A month ago I gave a lecture on crisis management at the e-10 conference. It was a tale of two cases. The Tylenol Cyanide case where 7 people died in 1982 in Chicago after bottles were tampered with and returned to the shelves and the Israeli Remedia case in 2003 where 6 babies died because Remedia had changed their formula to not include Vitamin B1 and not state it on the package.
Both cases are tragic – but their circumstances are different. One was an error by the company and the other was an outside nutjob tampering with product. The endings were completely different – Tylenol was completely transparent, accepted all of the blame, took all of their products off of the shelves for months as the investigation progressed and ended up coming back with a new tamper proof bottle which allowed them to charge more for the same product. They also earned America’s trust with how they handled the situation.
Remedia blamed an outside manufacturer, didn’t accept responsibility, wasn’t transparent and ended up going out of business.
My question to the audience was:
How could Remedia have handled things differently so that their ending wouldn’t be quite as bad?
I knew what I was looking for from the audience, but it took awhile to get there.
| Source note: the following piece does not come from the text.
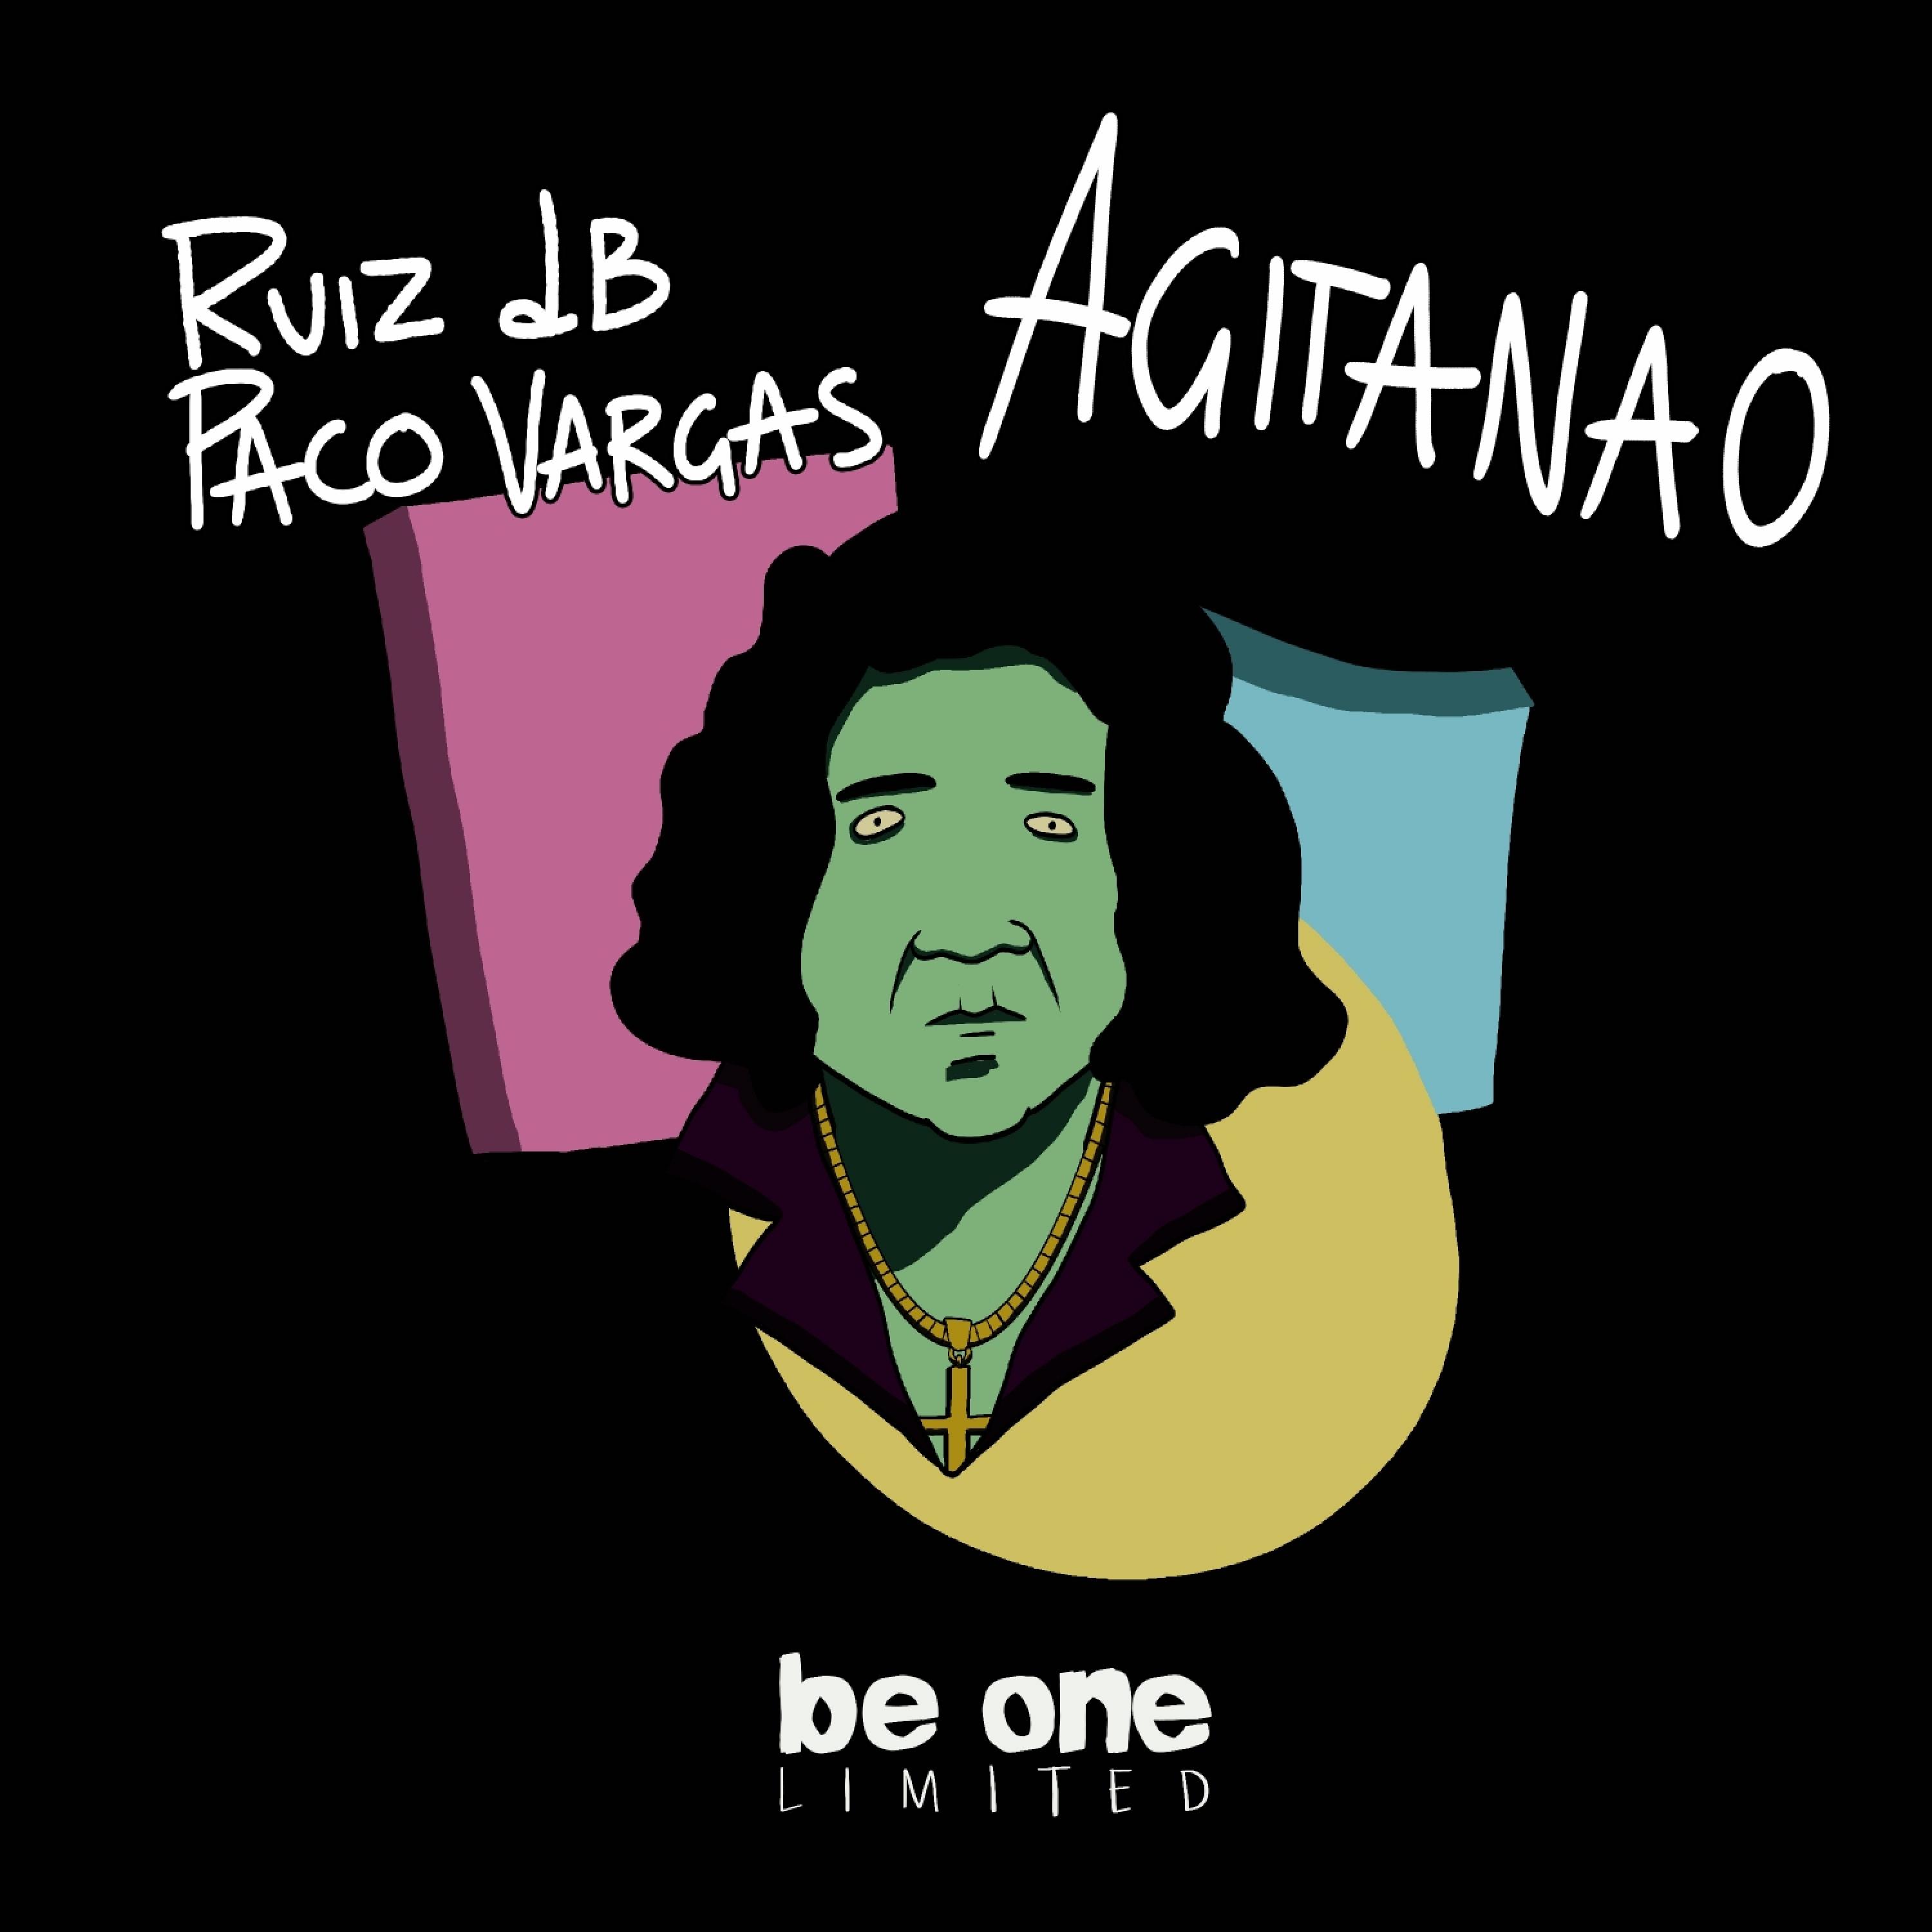 Ruiz dB - Bicomponentes (Original Mix)

First off someone pointed out that the two cases are completely different. The public will want revenge on a mistake that results in dead babies, which is true, but am still of the belief that handling it differently would have saved the company.
Eventually someone mentioned that Remedia could create a device that checks the mineral / vitamin levels inside of formula in order to show the public that they never wanted this to happen again (which was exactly what I was looking for).
Remedia was responsible for the tragedy. They should have had random testing of all lots in place to check the product coming in from Germany before it hit the shelves in Israel. They didn’t. It was their fault and they should have accepted that.
However, the point is that Remedia should have been transparent, apologetic and work to fix the problem not only for themselves but for all other baby food companies. (The full story of what happened here.) Furthermore, Remedia should have taken their products off the shelves immediately, and not the Health Ministry. The loss of trust from their customer is a result of their lack of action, their lack of transparency and their lack of admitting responsibility.
Unfortunately, crisis happens. What matters is how you handle it.
Here are some general rules to follow if something bad happens:
- Be transparent.
- If you don’t have information, admit you don’t have information. If you are working with police, let people know. If it’s your fault (and ultimately it’s always your fault if something happens, if only because you didn’t set up the precautions before hand) admit it.
- Put your customers first.
- Even if it will cost the company millions of dollars to recall every single item from the shelf, do it, before a government official does it for you. Being proactive in showing customers you care more about them then your bottom line is critical in regaining their trust.
- Work to fix the problem.
- This is obvious. Tylenol created tamper proof bottles which solved their issue, but it also solved an issue for the entire industry. The win for Tylenol is that they came up with it months before everyone else and gained the trust of their customers by working so hard to make sure no one would tamper with another bottle again.